Cache is indeed very important. Optimisations like that are gone when you go for distributed computing. Sometimes adding a single nop can do wonders. I wonder how many percent of developers have something in their toolbox to profile for that.

  • I think there's a very different perspective on this between people old enough to have written assembly for 8 bit cpus like 6502 or Z80 often with well under 64kb of total system memory - compared to people who grew up in the age where the "starting coding" choices were something like "Angular or React?" and each browser tab could consume a GB or two of memory.

    I'm not trying to say "greybeards are better" or "younger developers don't understand fundamentals" - it's more that the learned/ingrained abstractions those two types of developers start from are very very different. People who were familiar with concepts like the 6502's zero page where you get faster performance because you can use 8 bit addressing to access the first 256 _bytes_ of memory, end up with different mental tools and thinking than, say, people who started out their development learning about asynchronous callbacks and promises. One isn't better or worse than the other - but they are very very different.

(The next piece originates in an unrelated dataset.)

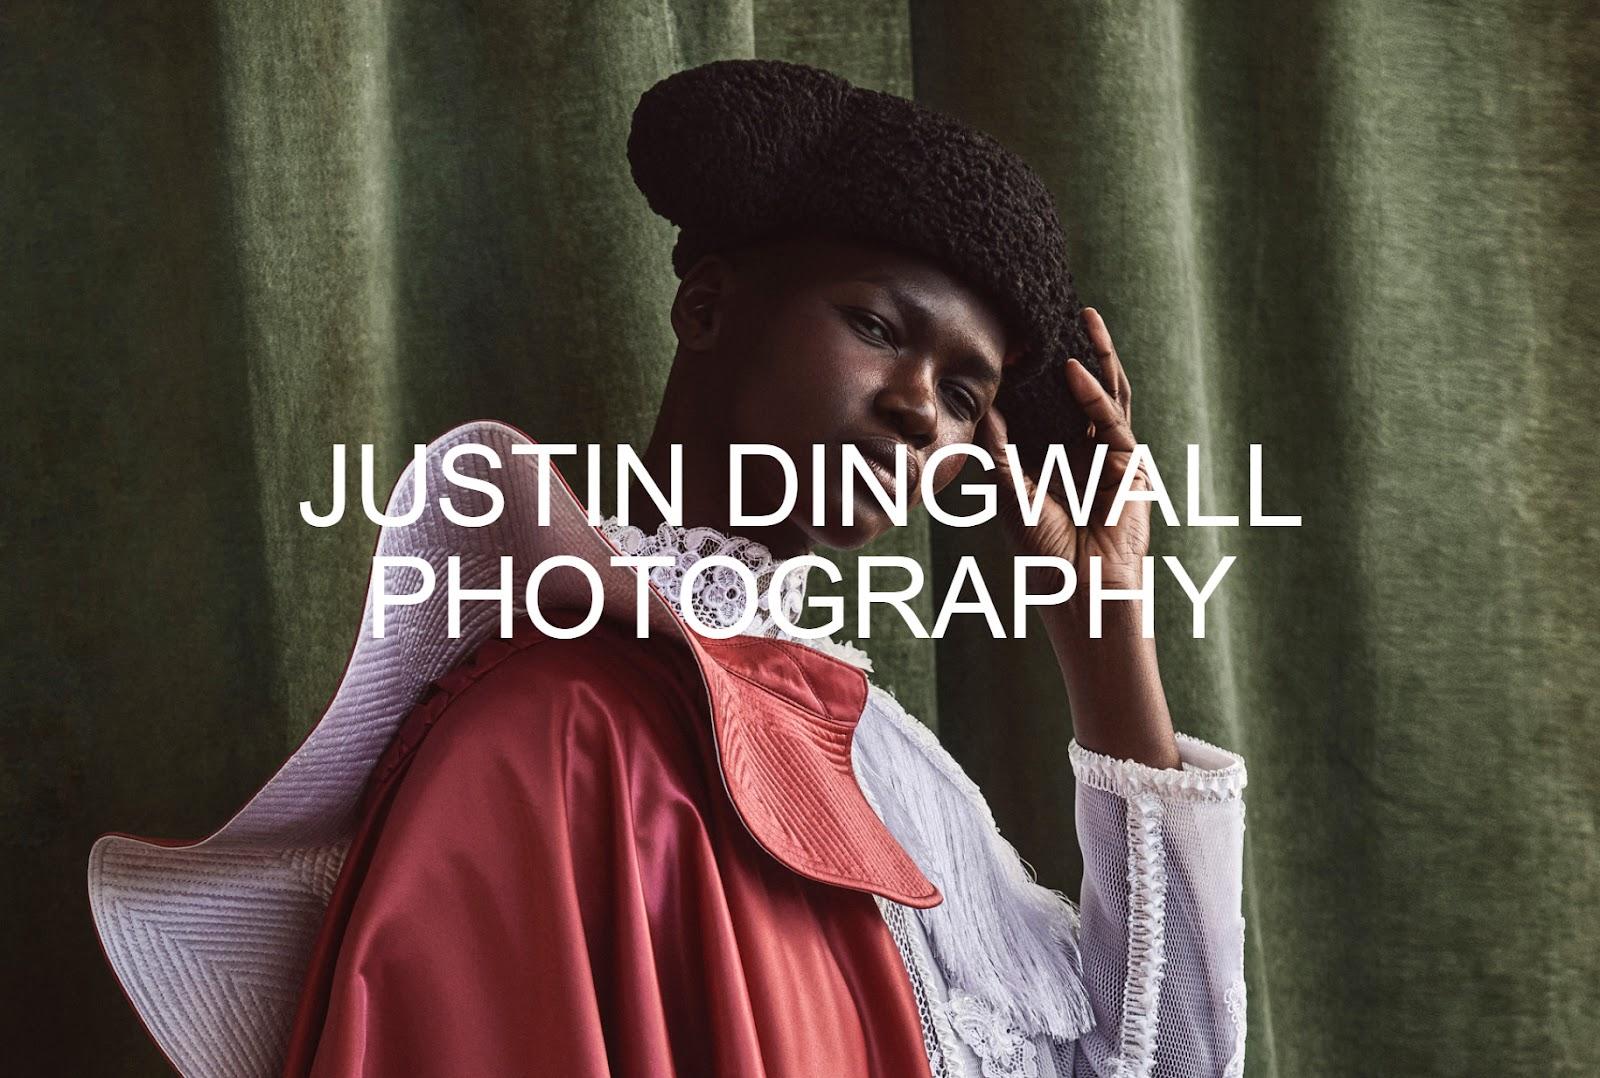 Justin Dingwall homepage

    (Even today's "tiny" CPUs are commonly 32 bit multi core SOCs. ESP32 kinda took over what used to be done with 8bit atmel Arduino class CPUs)

  • Arguably cache concerns are distributed computing concepts moving closer to the core. Same with concurrency semantics. These were far more exotic concepts when the fallacies were first written.

    Very easy to hit the 3GB limit imposed by 32-bit architecture for any non trivial data processing app but luckily 64-bit is firmly established for at least 10 years

It's more niche but also underestimating the impact of using SIMD in places where it makes sense. Especially in higher level, interpreted programming languages where the overhead for each iteration is much larger than the few assembly instructions it would take to perform that iteration without vectorization in a low level language.